A Note on the Required Tax Rate in a National Retail Sales Tax: Preliminary Estimates for 2005-2014
The Brookings Institution, August 12, 2004
William G. Gale, Senior Fellow and Arjay and Frances Fearing Miller Chair, Economic Studies
http://www.brook.edu/views/papers/gale/20040812.htmThe main finding is that to replace the income tax on a revenue-neutral basis over the next 10 years would require a sales tax rate of more than 26 percent. To replace all federal taxes on a revenue-neutral basis over the next 10 years would require a sales tax rate of about 60 percent.

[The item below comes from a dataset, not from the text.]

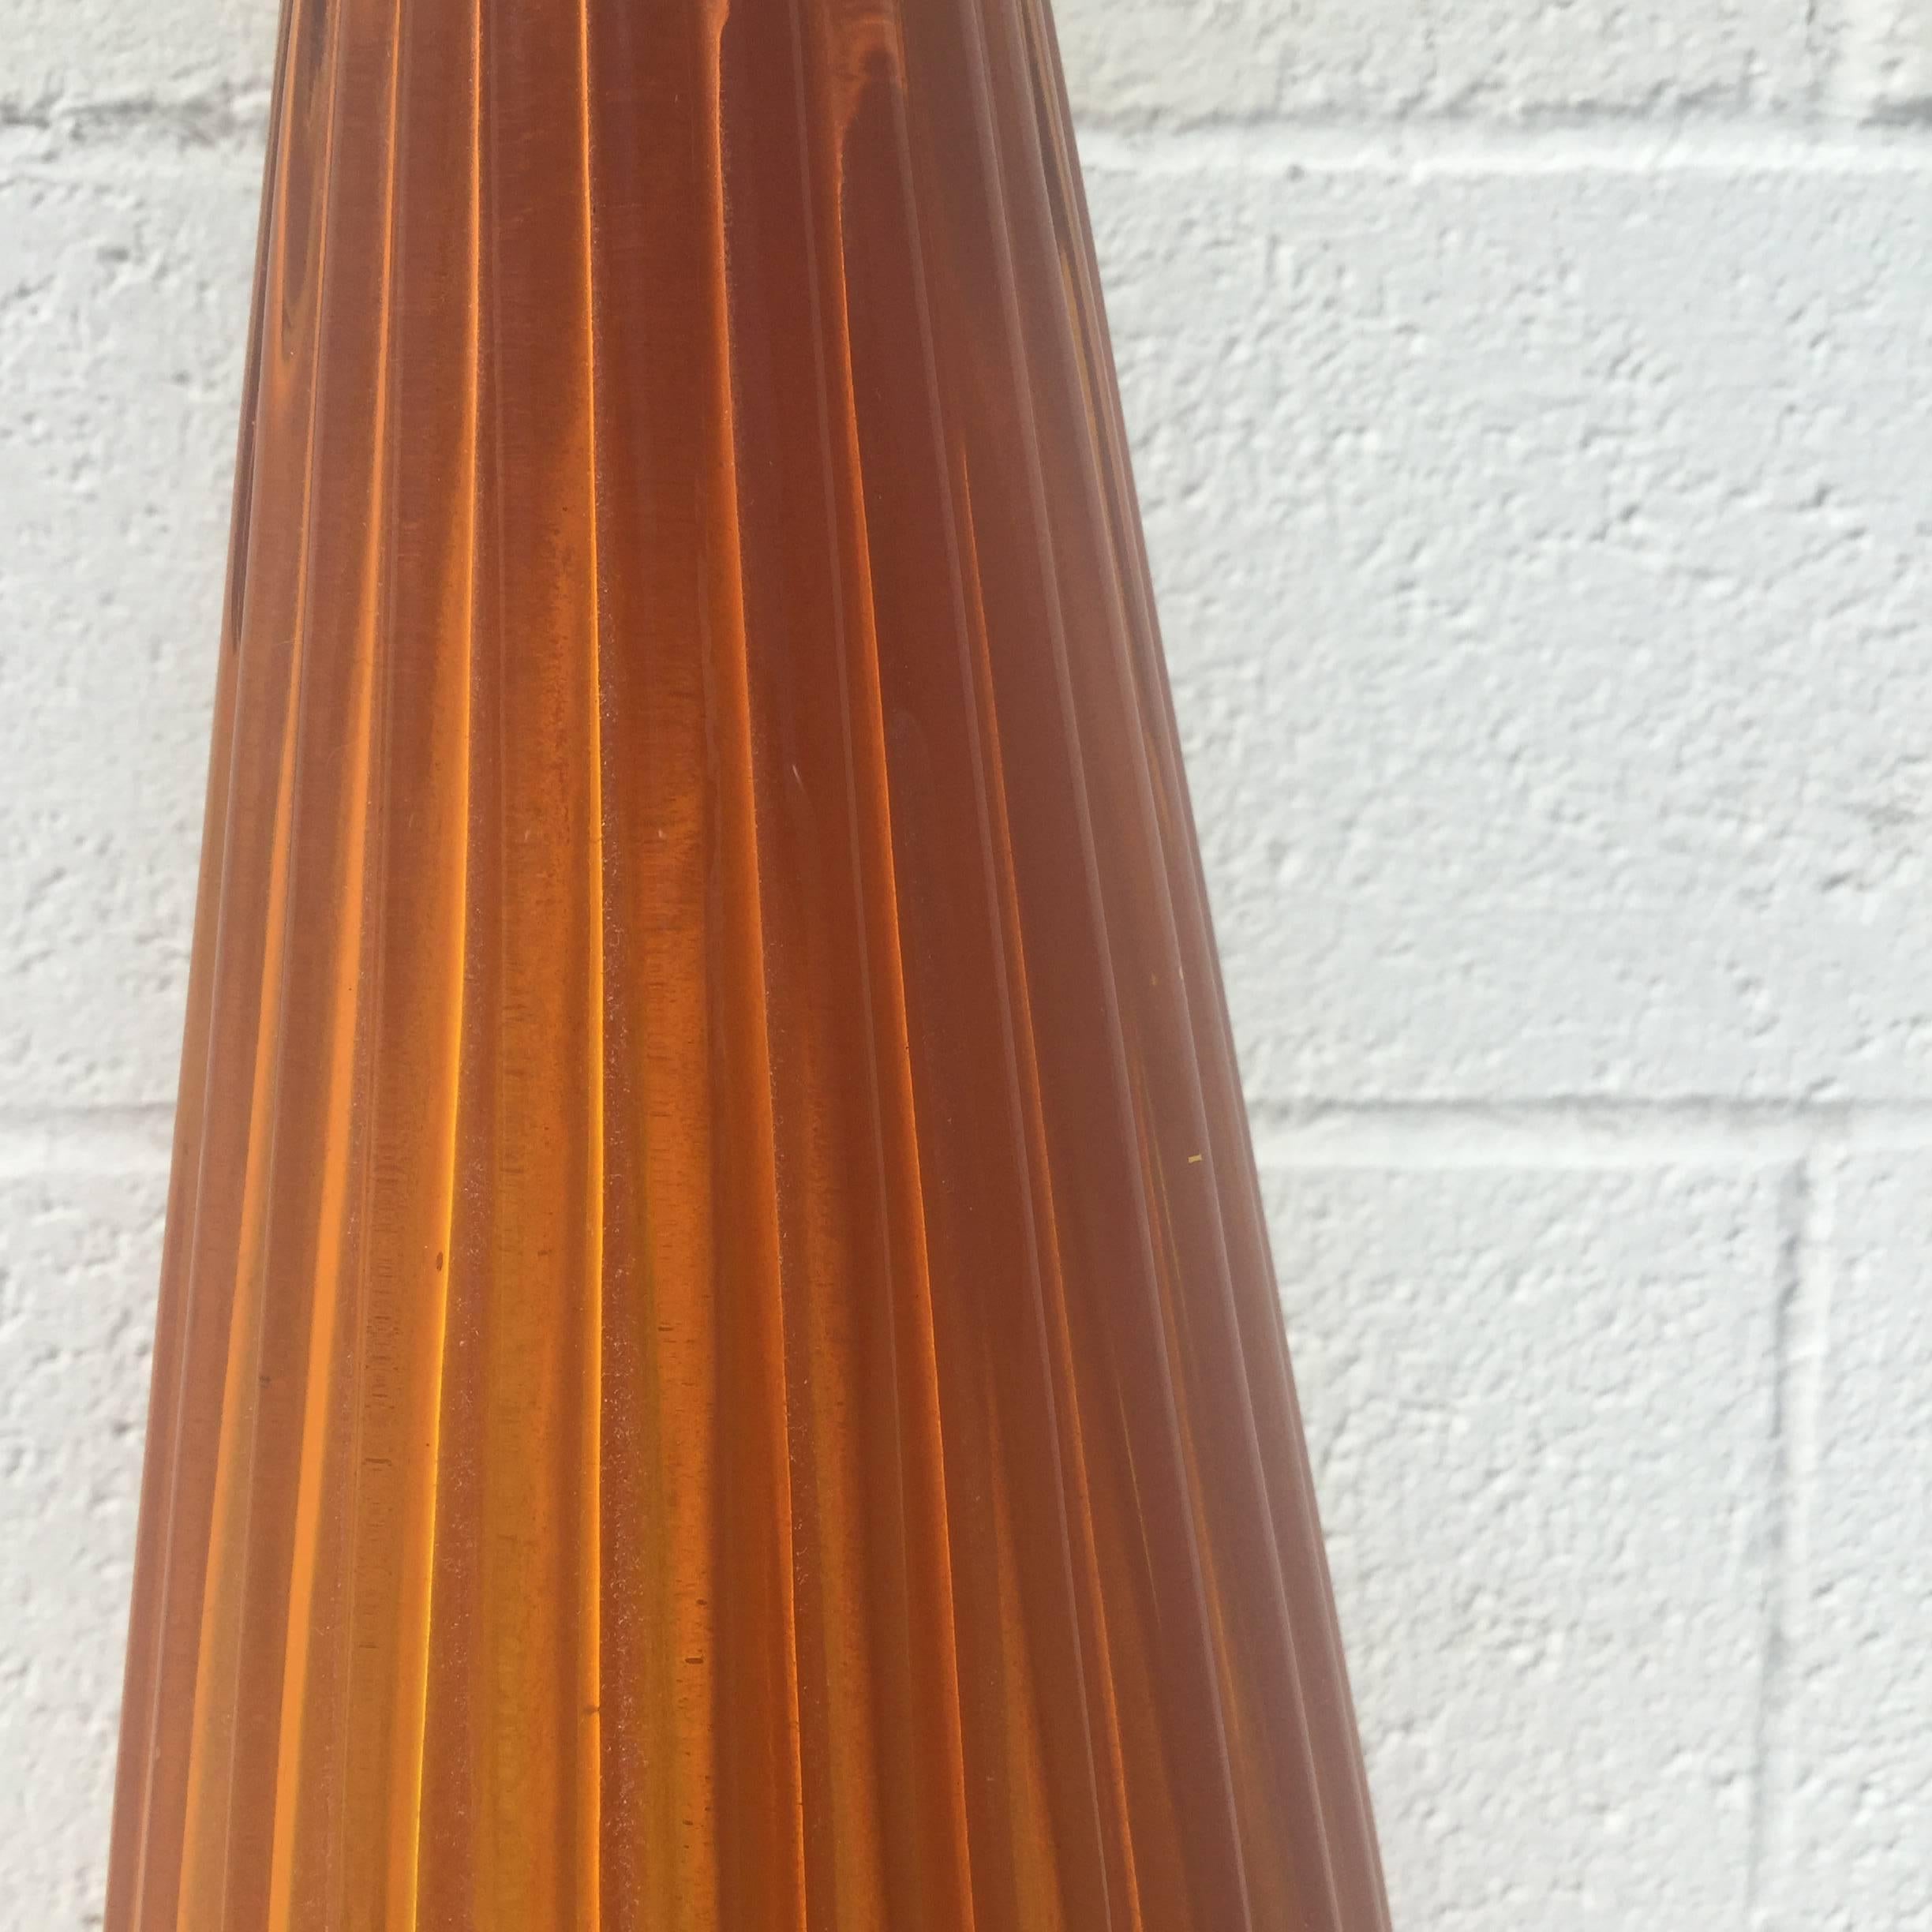 1950s tall Murano glass table lamp. Made in Italy. Burnt orange, pumpkin color glass. Still retains original

This estimate is predicated on several assumptions: (a) the intended statutory sales tax base would be a very broad measure of consumption; (b) about 20 percent of that base would be eroded due to avoidance, evasion, or legislative action (i.e., loopholes), and (c) the NRST would have a demogrant equal to the poverty threshold for each family times the sales tax rate.
Note also that the rates quoted are tax-exclusive tax rates: that is, they represent the rate at which items would be "marked up at the cash register." For example, if an item costs $100 before sales tax, and a $25 sales tax is added, the tax-exclusive tax rate is 25/100 = 25 percent. The same rate can also be quoted as a tax-inclusive rate of 20 percent, where the tax-inclusive tax rate is defined as the tax ($25) divided by the total cost to the consumer ($125).
Thus, to replace the income tax would require a 21 percent tax-inclusive rate and to replace all federal taxes would require about a 38 percent tax-inclusive rate.